Partir à la recherche du mouton bleu était un vieux rêve d'Olivier Weber. L'écrivain a mis plusieurs années à monter ce voyage au Mustang, un ancien royaume interdit jusqu'en 1992, enclavé entre le Népal et la Chine.
Des semaines de marche : Olivier et ses compagnons, dont une personne aveugle, ont marché plusieurs semaines avant d'arriver dans ce royaume oublié. Ils ont dû franchir plusieurs cols, dont certains à 5 000 mètres d'altitude. Ils ont dormi tantôt dans des monastères repeuplés ou abandonnés, tantôt dans des hameaux de bergers ou parfois à la belle étoile, à 4 000 mètres.

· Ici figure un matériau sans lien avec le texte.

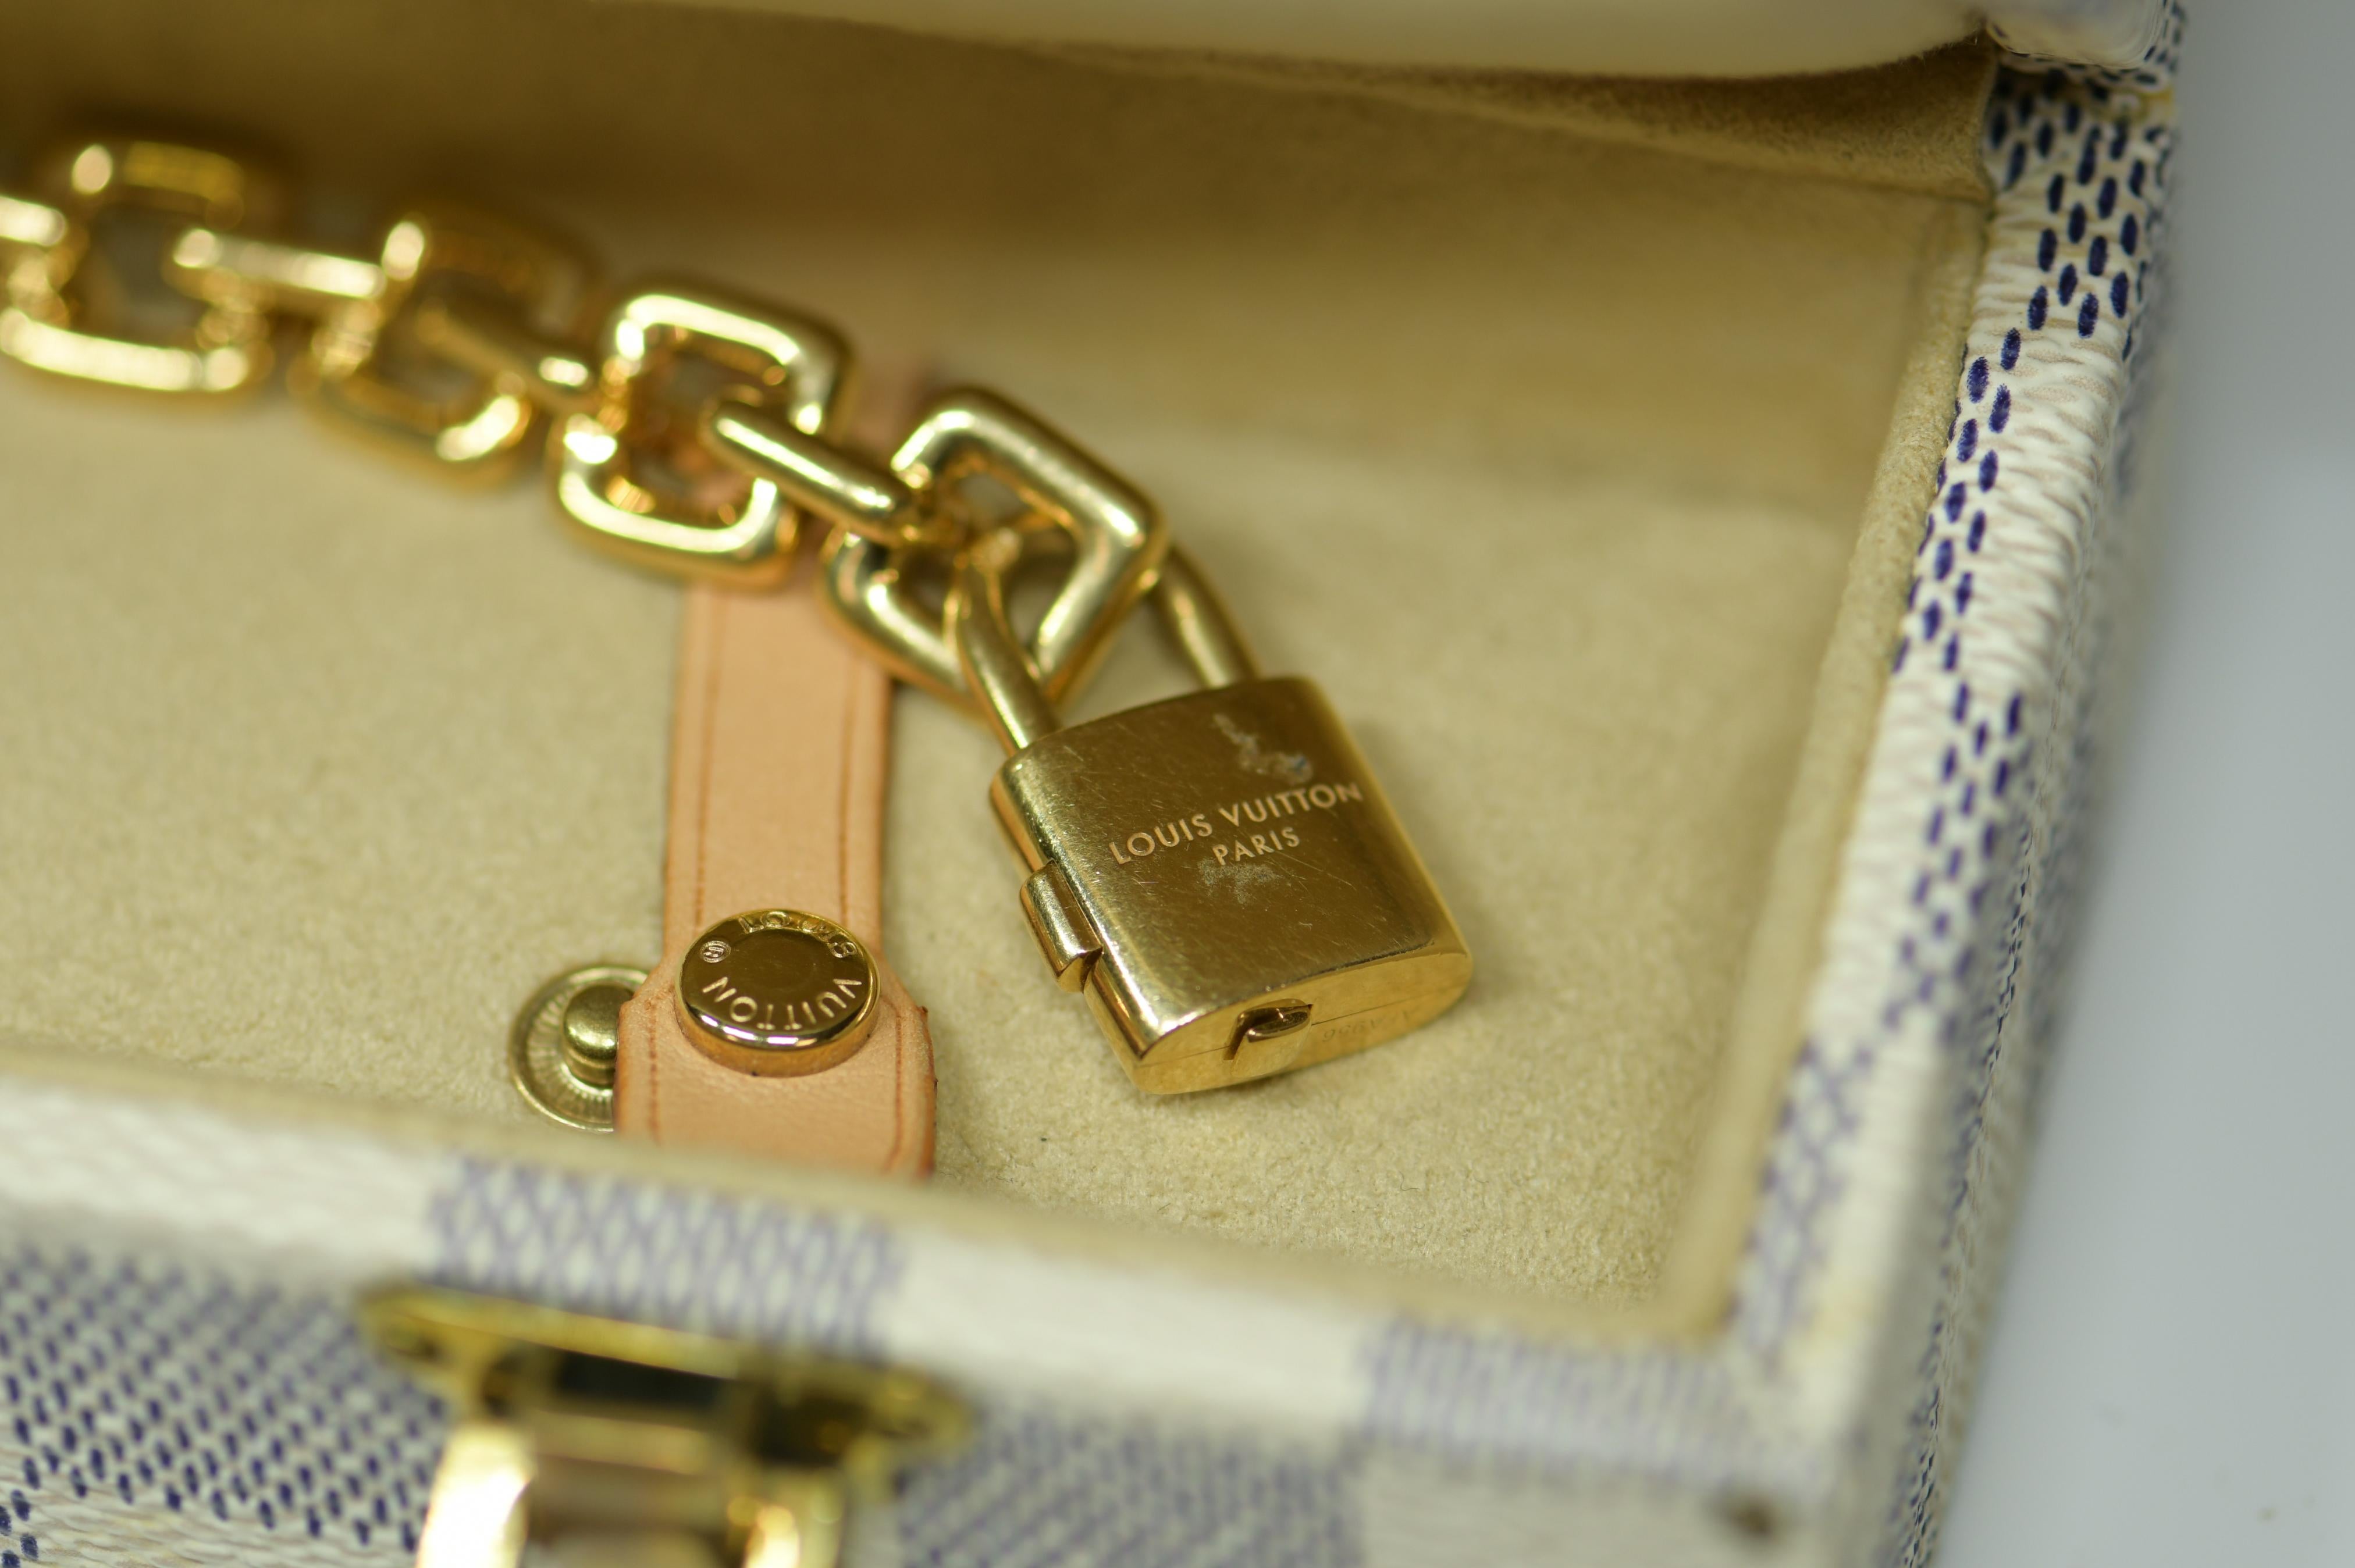 Square Cut Louis Vuitton Vintage 18 Karat Gold Charm Bracelet with Original Case
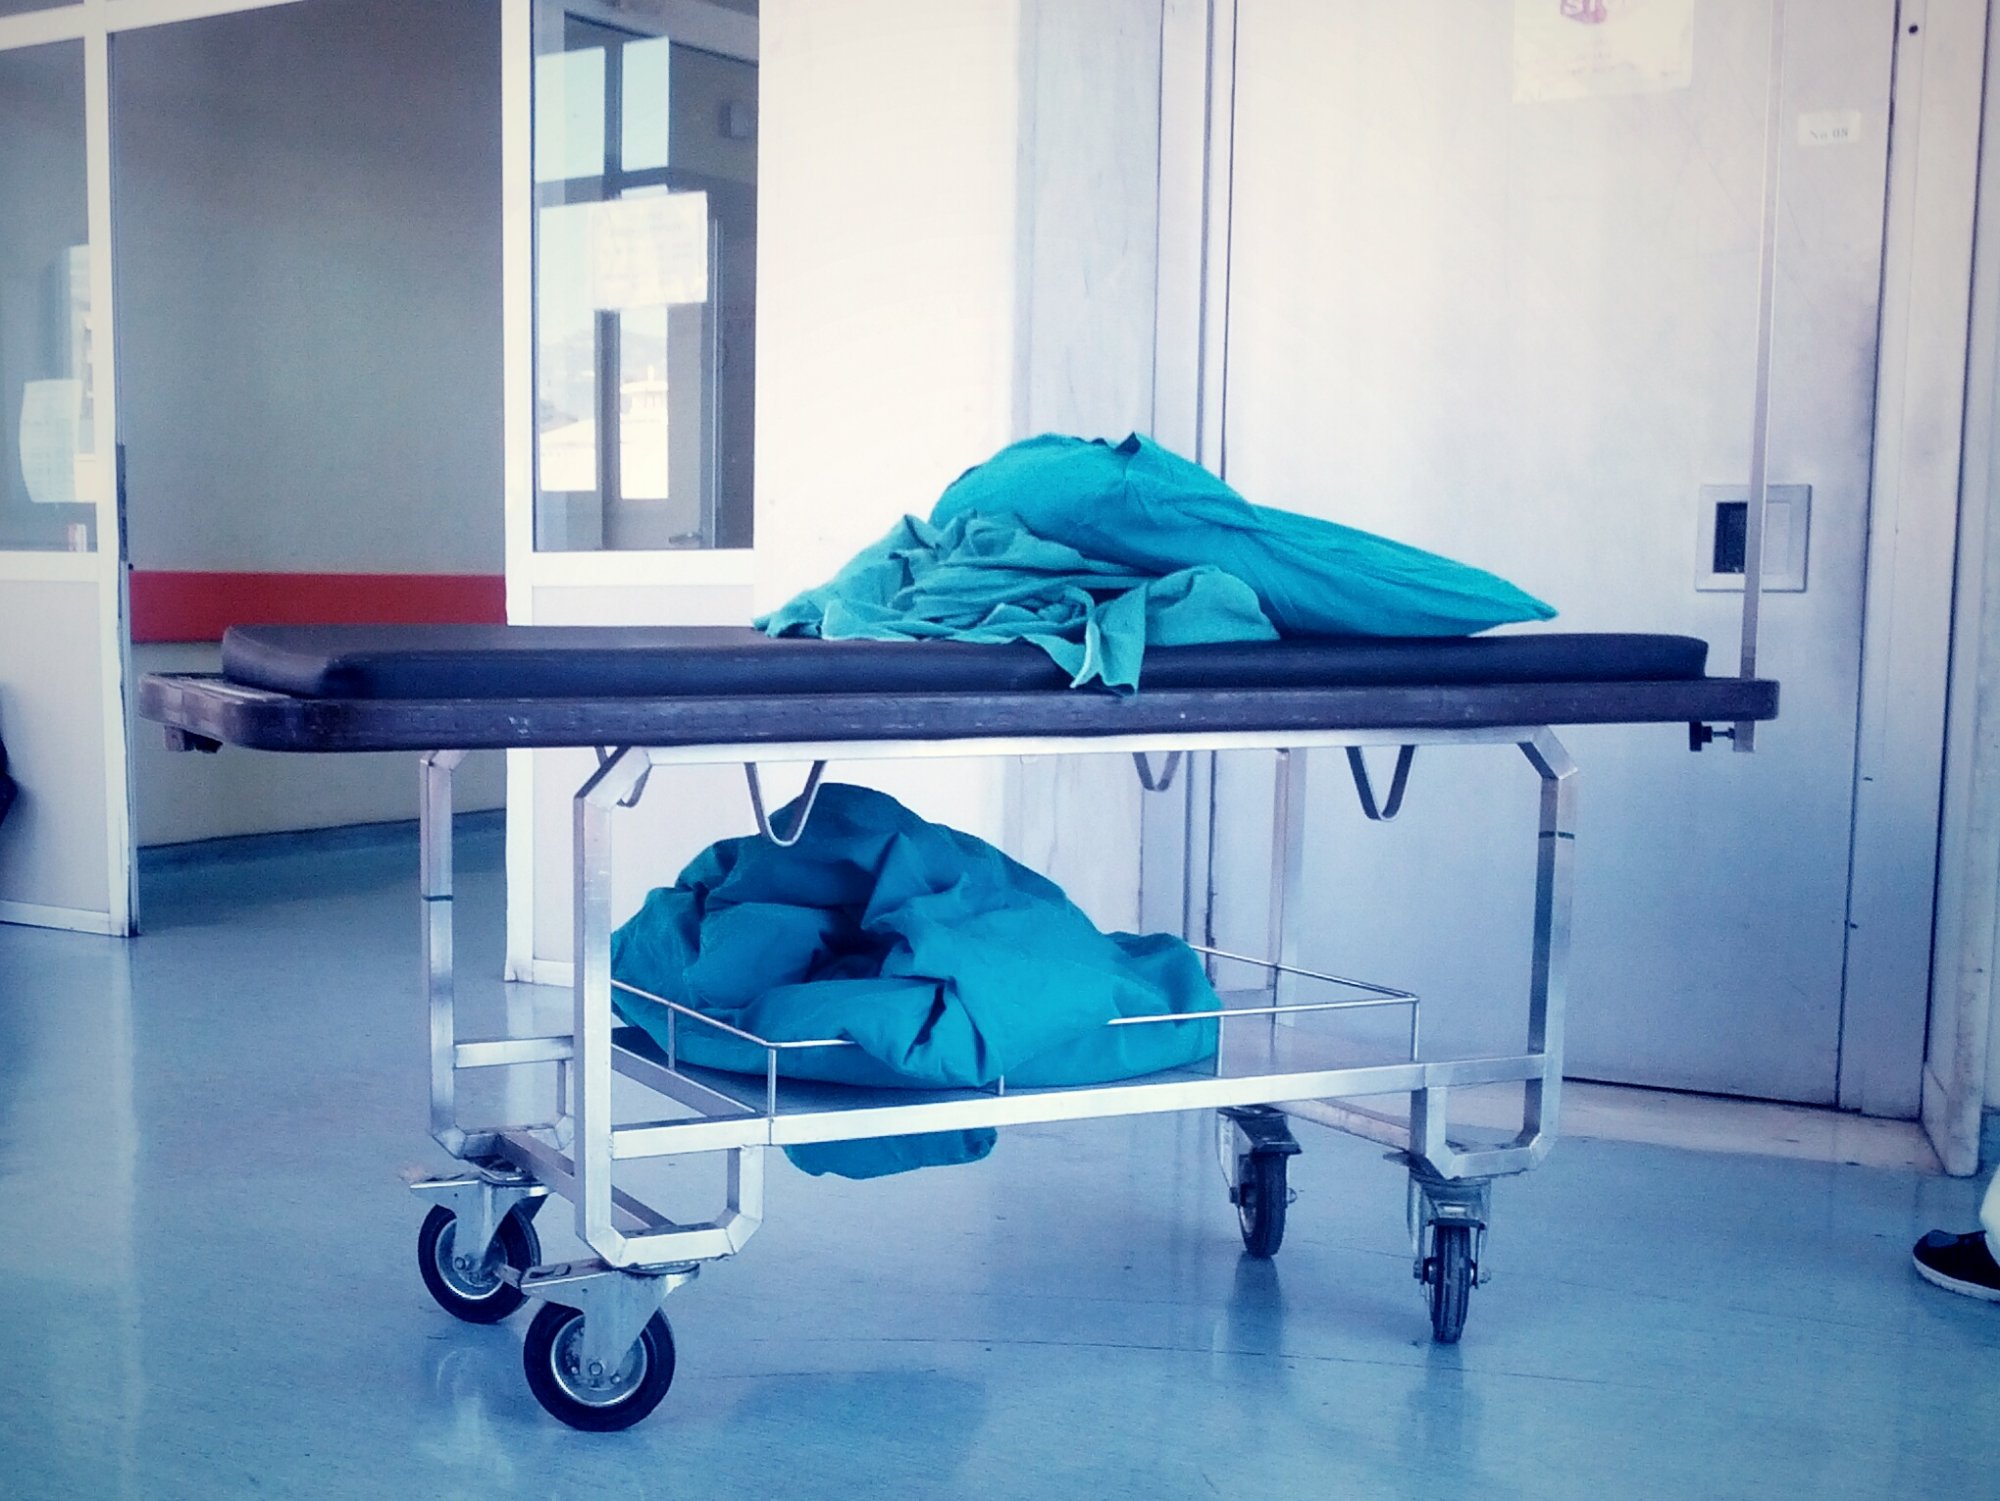 Νοσοκομείο Ιωαννίνων: Μπλόκαραν απογευματινό χειρουργείο - Προγραμμάτισαν πρωινό και δωρεάν την ίδια μέρα

Découverte des caves célestes : Au cours de cette expédition, l’écrivain-voyageur a pu découvrir quelques-unes des 20 000 grottes, datant de plus de 2000 ans et qui étaient habitées par des moines. Il a été ébloui par les peintures qu'elles recèlent. Percées dans la montage, sans chemin d’accès, elles restent une énigme.
Rencontre avec le mouton bleu : Après plusieurs semaines de marche, tout à la fin du voyage, Olivier Weber a pu apercevoir son mouton bleu, cette espèce de bouquetin, vivant en haute altitude et toujours prompt à disparaître.
Face à ces montagnes, ces paysages, dans la quête de ce mouton bleu, l'écrivain a compris, qu'il fallait modifier notre regard d’occidental, pour voir différemment.
Un livre : L’Arrière-pays d'Olivier Weber, un roman vrai, à paraître fin août 2020, aux éditions Calmann Lévy.
Synopsis : Avec ce livre aux allures de roman noir, Olivier Weber esquisse une fresque de la corruption sur la Côte d’Azur, à travers le personnage d’un berger attiré par les lumières de la ville.